文摘Objective: Severe acute malnutrition (SAM) is one of the most common causes of morbidity and mortality among children under 5 years of age worldwide. The aim of this study was to find out the prevalence of SAM among hospitalized children at Al-Wahda teaching hospital in Aden, Yemen. Methods: This descriptive cross-sectional hospital based study was conducted on 622 hospitalized children (336 males and 286 females) below 6 years of age during 2012-2013. SAM was defined as a very low weight for height (below-3 Z scores of the median WHO growth standards).

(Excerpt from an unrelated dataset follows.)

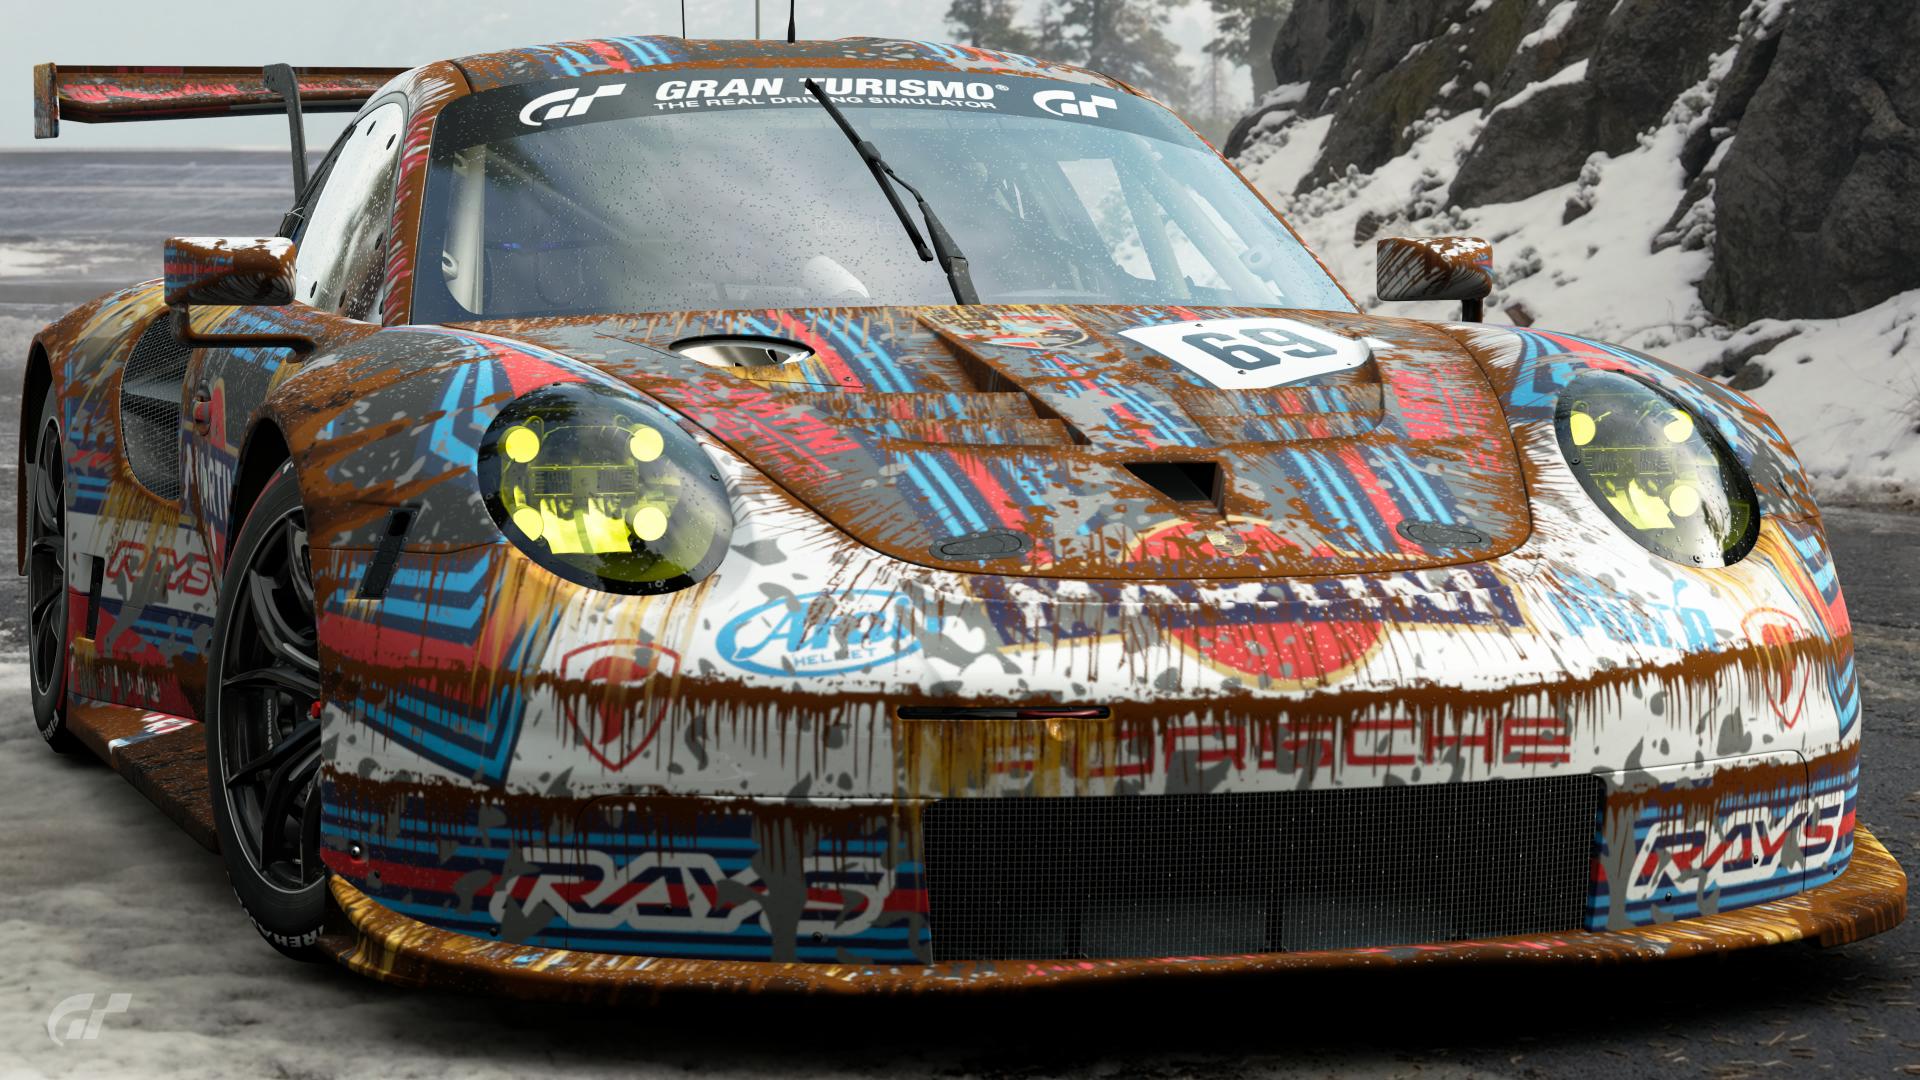 Porsche 911 gets Martini Racing Edition livery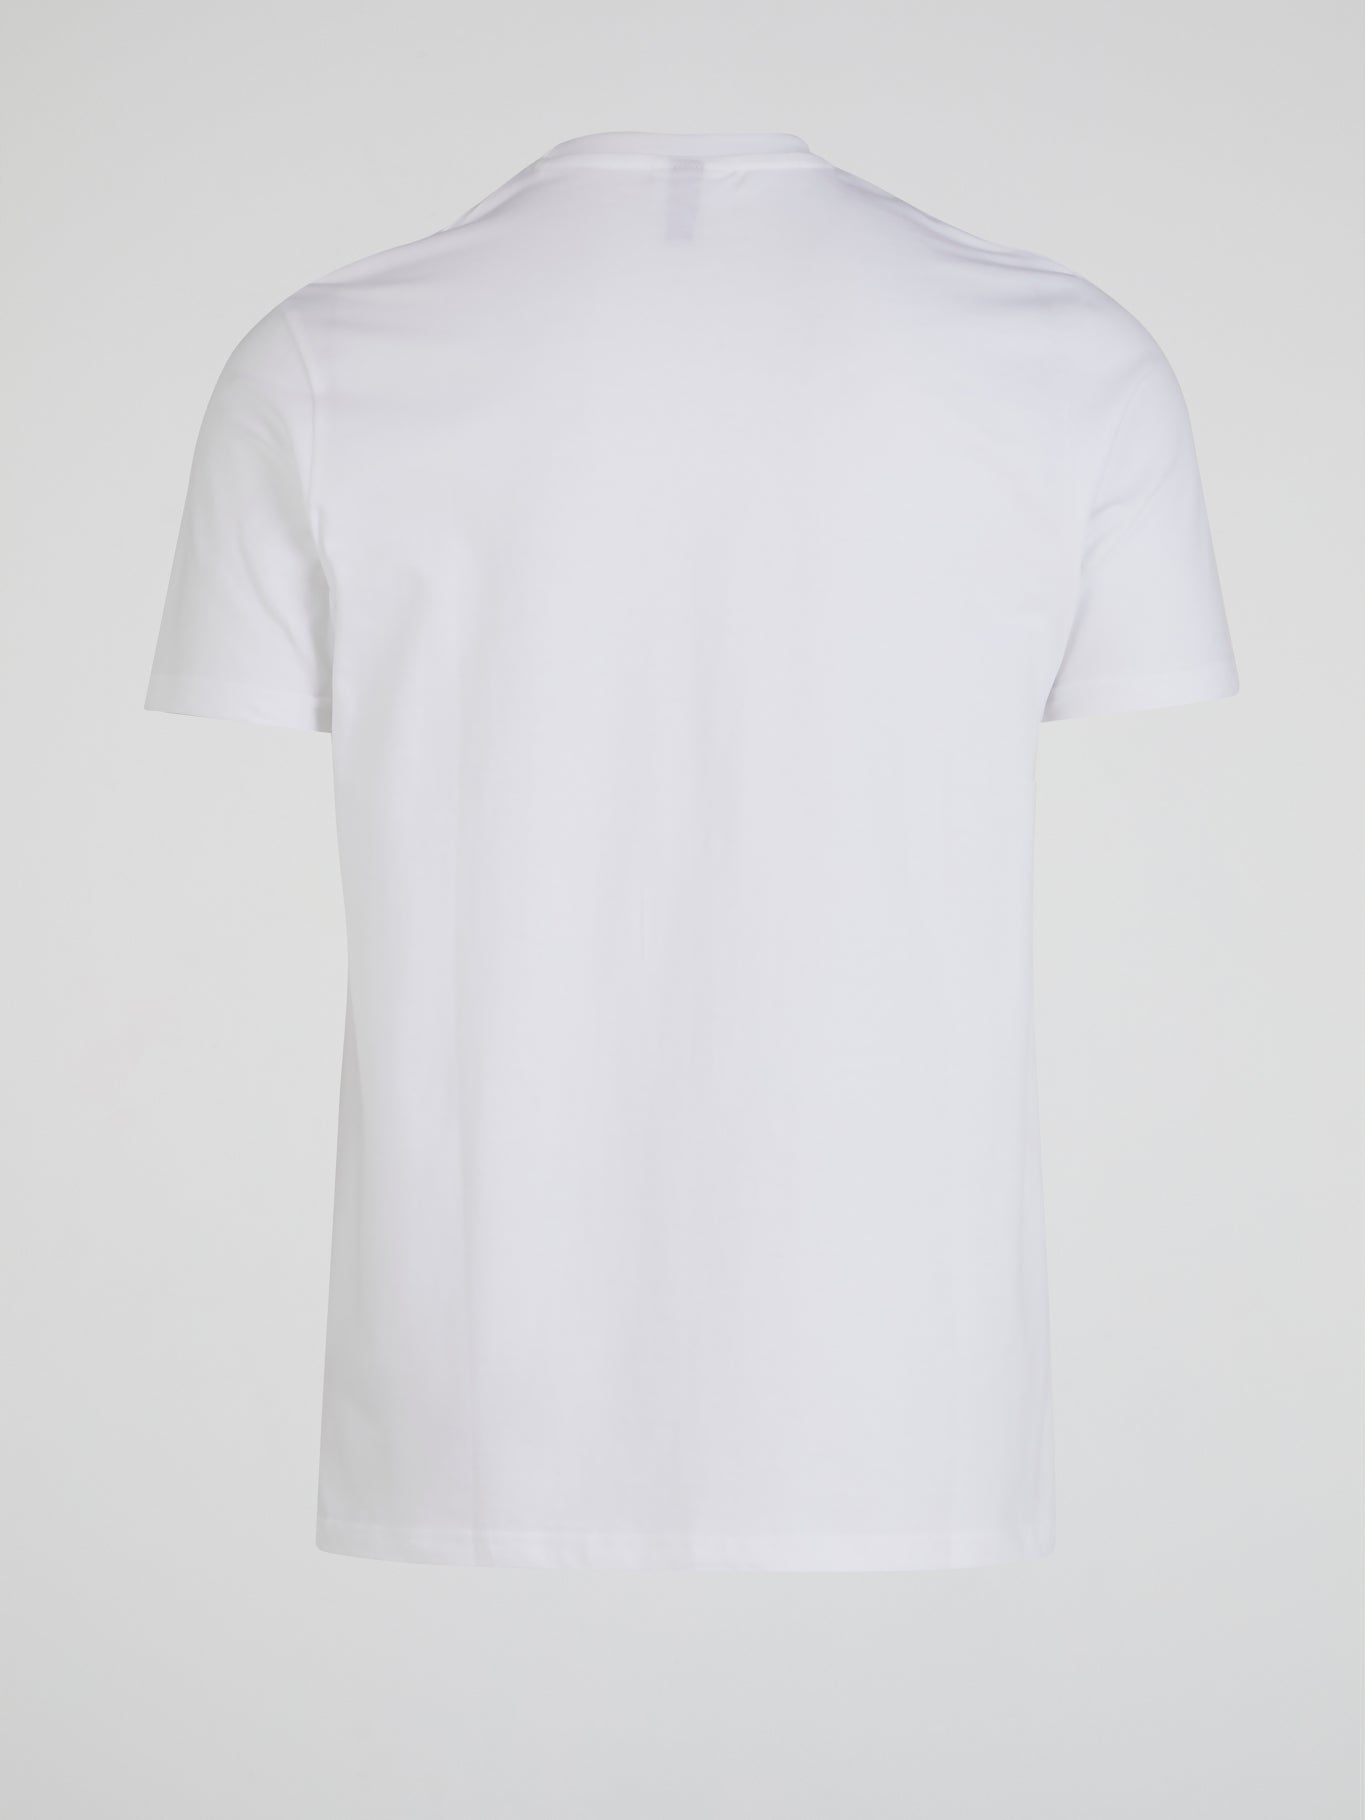 Multiz White Printed T-Shirt

Results: SAM was diagnosed in 622 children with prevalence rate of 5.2% from total 11,941 admissions during 24 months period. A higher proportion of patients were marasmus 586 (94.2%) and only 36 (5.8%) were kwashiorkor. Marasmus was common in <1 year of age in 347 (59.2%) while kwashiorkor between 1 - 5 years in 22 (61.1%) patients. Males (54%) predominated females (46%) with a male to female ratio of 1.18:1 in SAM but with no significant difference in sex. The highest comorbidities with SAM were gastroenteritis 442 (71.1%) and 103 pneumonia (16.6%) with a total cure of 492 (79.1%) patients. Conclusion: This high prevalence of SAM among males who were <5 years of age with high risk of gastroenteritis and pneumonia added weight to the urgent need to improve the nutritional status of children.